What they lacked then was the capability to act on that memory. They do not lack it now.
The Greenland-Iceland-UK Gap is the deep-water passage between those three landmasses through which any submarine force moving from the Arctic into the open Atlantic must travel. During the Cold War NATO built an extraordinary surveillance architecture across it, hydrophone arrays on the seabed, maritime patrol aircraft flying constant patrols overhead, attack submarines trailing their Soviet counterparts through the darkness below. The Gap was the hinge on which Atlantic security turned. If it was closed, Soviet submarines could not threaten the supply lines keeping Western Europe alive. If it was open, they could.
For twenty years after the Cold War ended, the West behaved as though that question had been settled permanently. It had not been settled at all. It had merely been deferred.
Since 2014, Russian submarine activity in the North Atlantic has been climbing steadily. The Northern Fleet has been rebuilt and modernised.
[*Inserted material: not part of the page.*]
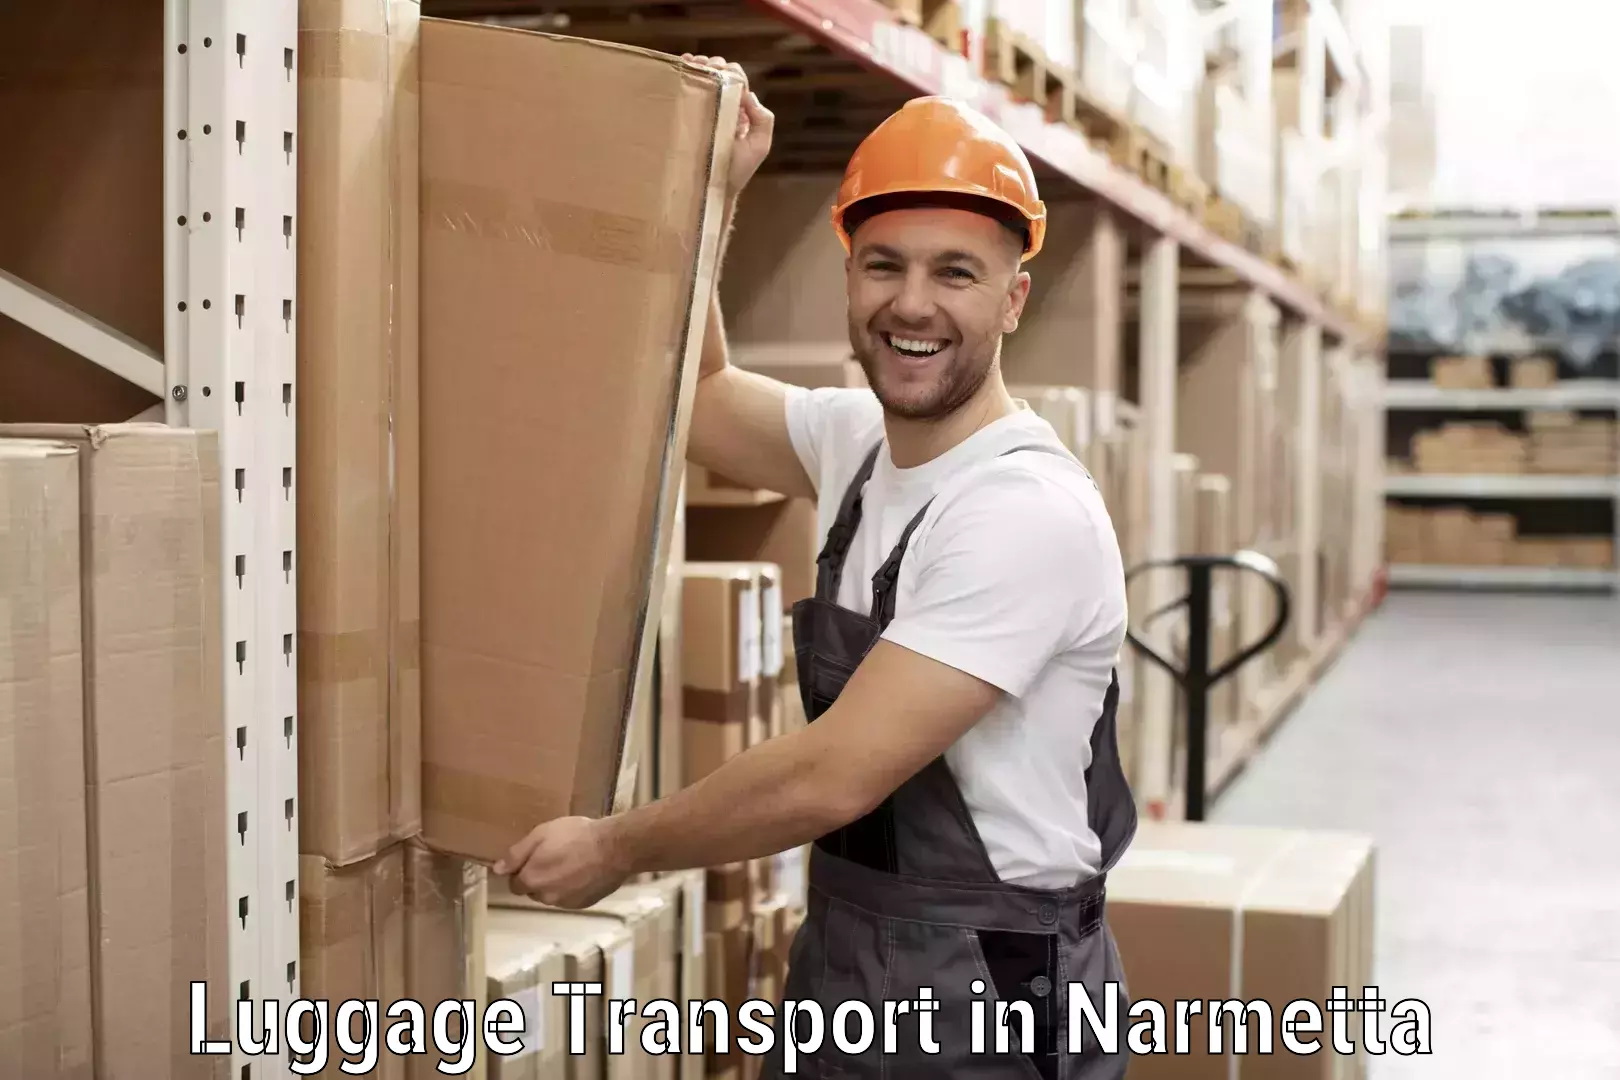 Luggage dispatch service in Narmetta

The submarines transiting the GIUK corridor are quieter and more capable than their Soviet predecessors. NATO has had to scramble to reconstruct the surveillance and response capabilities it spent a generation allowing to atrophy. The Gap is contested again, and the urgency in the alliance’s response reflects how seriously that is being taken at the highest levels.
Scotland sits at the eastern end of this corridor. It has always sat there. But for the first time in a generation, that position carries the weight it deserves.
The Ground Beneath the Strategy
What strikes me, is how often the human reality of a place is the last thing to be factored into the strategic calculations made about it.
Greenland is a case in point. The conversation about its rare earth deposits, its military positioning and its relationship with Washington, Copenhagen and Beijing tends to proceed as though the island is a piece of terrain rather than a place where people live, fish, raise families and try to make sense of a world that has suddenly decided they are important. The communities along Greenland’s coastline are facing pressures that would be recognised immediately in the Scottish Highlands and Islands. Young people leaving. Fishing industries under strain. The infrastructure of daily life becoming harder to sustain as the economics of remoteness bite harder. Climate change arriving not as an abstraction but as a direct disruption of the natural systems on which people depend.
Greenlanders rally against new US consulate in Nuuk
Greenlanders march against US President Donald Trump’s desire to control the vast Arctic island, after the inauguration of the US consulate’s new premises in the capital, Nuuk.
“We have always lived in Greenland. It has… pic.twitter.com/UFwKNfRSLE
— AFP News Agency (@AFP) May 22, 2026
Scotland is not Greenland. But Scotland knows this terrain. The crofting communities of the Western Isles, the fishing towns of Shetland, and the glens of Sutherland that have been emptying for a century and a half have all been living at the intersection of geographic isolation, economic fragility and political neglect for a very long time. That experience, and the policy learning it has produced, is not nothing. It is, in fact, exactly the kind of practical knowledge that Greenland will need as it navigates an opening to the world that it did not entirely choose and cannot entirely control.
Building a relationship on that basis, on shared experience rather than just strategic interest, is both more durable and more honest than the alternative.
The Energy Question
There is a harder-headed argument running alongside all of this.
Greenland’s rare earth deposits are among the most significant on the planet. The minerals in question are not exotic abstractions. They are the materials inside the electric vehicles Western governments are mandating, inside the wind turbines those same governments are building, inside the guidance systems of the weapons NATO is deploying. The Western world has a serious and acknowledged vulnerability in its dependence on Chinese rare earth supply chains. Greenland is the most credible alternative source of scale.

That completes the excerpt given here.